If you like filmmaker Elia Suleiman, you will like It Must Be Heaven.  This may well be an unusual start to a review, but this is not meant for the fans, because they already know what they are getting into.  For the rest of you, how would one go about describing a Suleiman film?  Well, Suleiman is a rare filmmaker: he is a Palestinian who is less concerned with doom and gloom, preferring to speak the truth of the occupation of Palestine, Israeli subjugation and his life as an individual living between the two through a Chaplinesque comedic style.  He writes, directs and stars in his films, taking on a role that is less central and more peripheral.  And the humour is so bone dry, you might find yourself wondering if you are watching a comedy.

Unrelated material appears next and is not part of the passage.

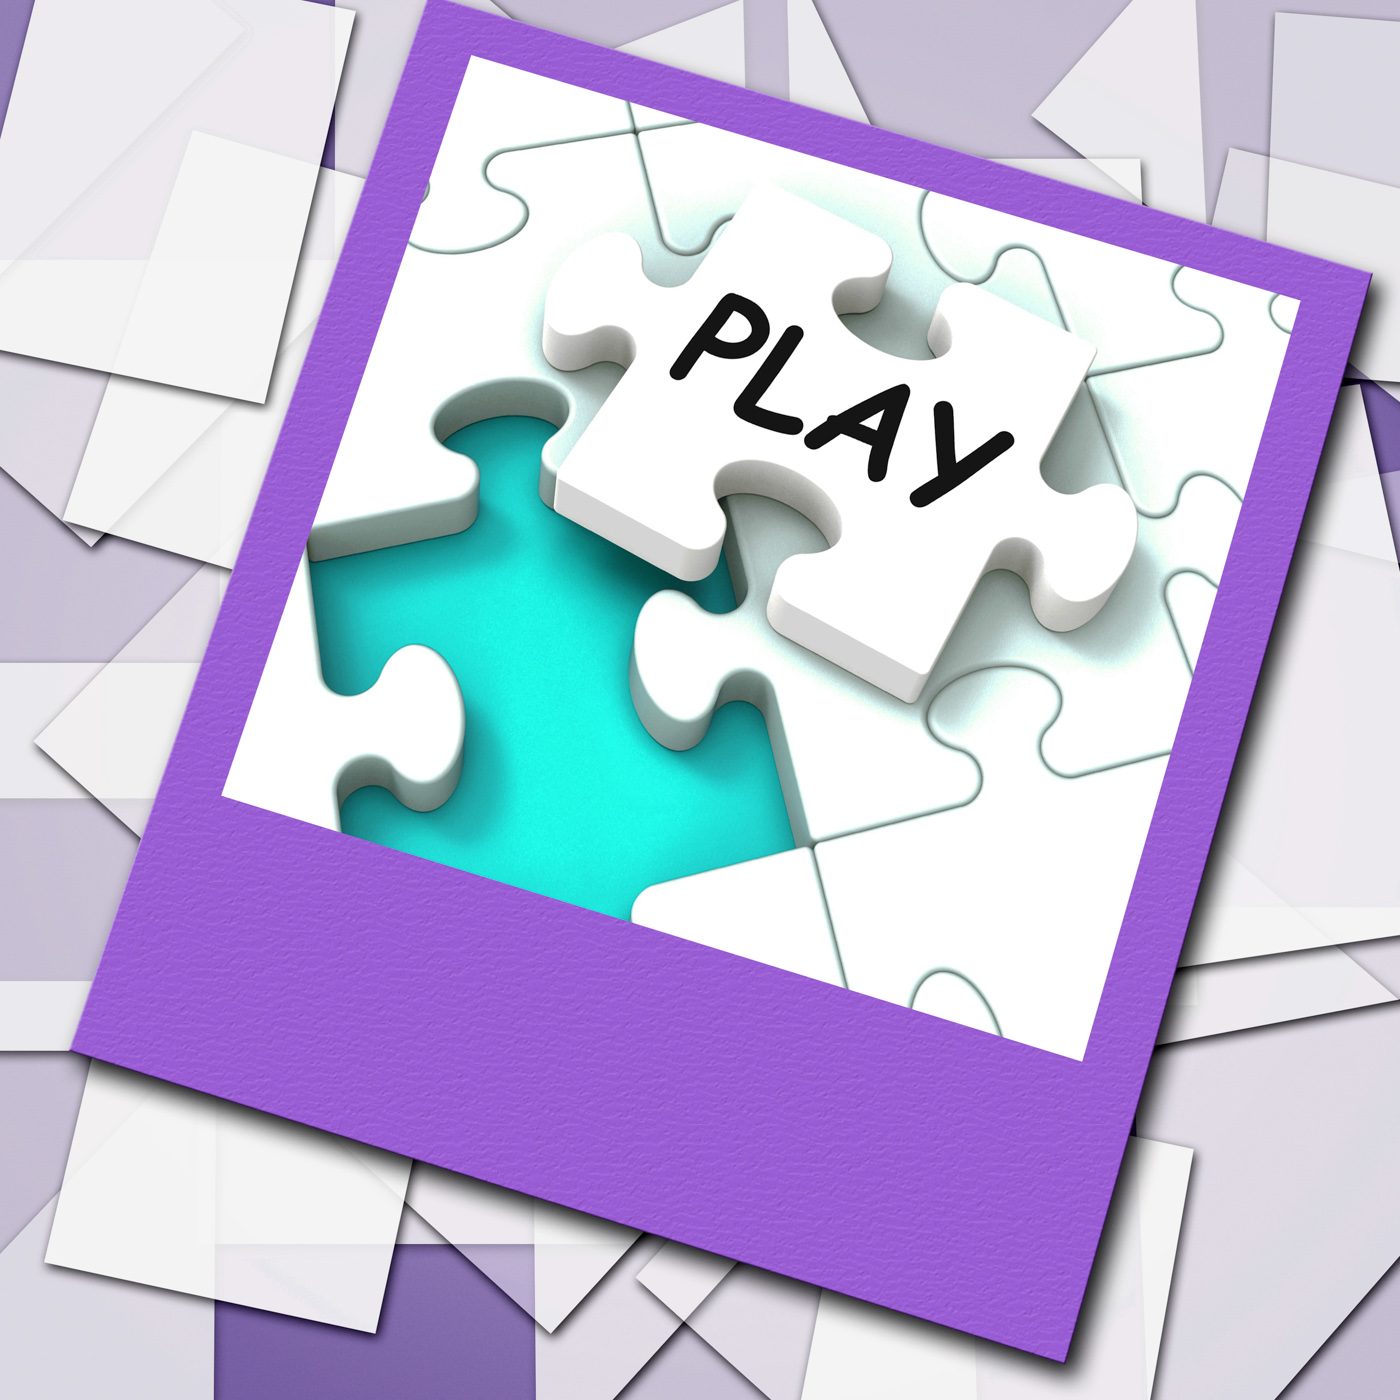 Play photo shows recreation and games on internet

This time, Suleiman’s fictional doppelganger takes the viewer with him as he attempts to escape his homeland.  Seeing the issues that come with day-to-day life in Palestine, he goes away in search of a new home.  However, not only is a new home hard to find, a place to escape those problems seems to be absolutely non-existent.  This story is told through little vignettes concerned with inhumanity, cruelty, and confusing double standards, along with stories of triumph, friendship and rising above.  The Chaplinesque designation is not an empty one: Suleiman may well be the spiritual successor of Chaplin.

A big part of the appeal of Suleiman’s works, one that must be mentioned, is the exemplary aesthetics that are unquestionably his.  If you like long takes where the camera doesn’t move but plenty of action occurs, this is for you.  If you like bright shots with vibrant colours, this is for you.  Furthermore, if you like unexpected cameos and lots of unusual Cancon, this is for you.  Watch out for a few familiar faces.

Ultimately, It Must Be Heaven is a film that may be easier to sell to someone who already knows what to expect, but once you find yourself in the thick of it, it would be near impossible to not come out a fan.  In times like these, a calming influence is necessary and this is it.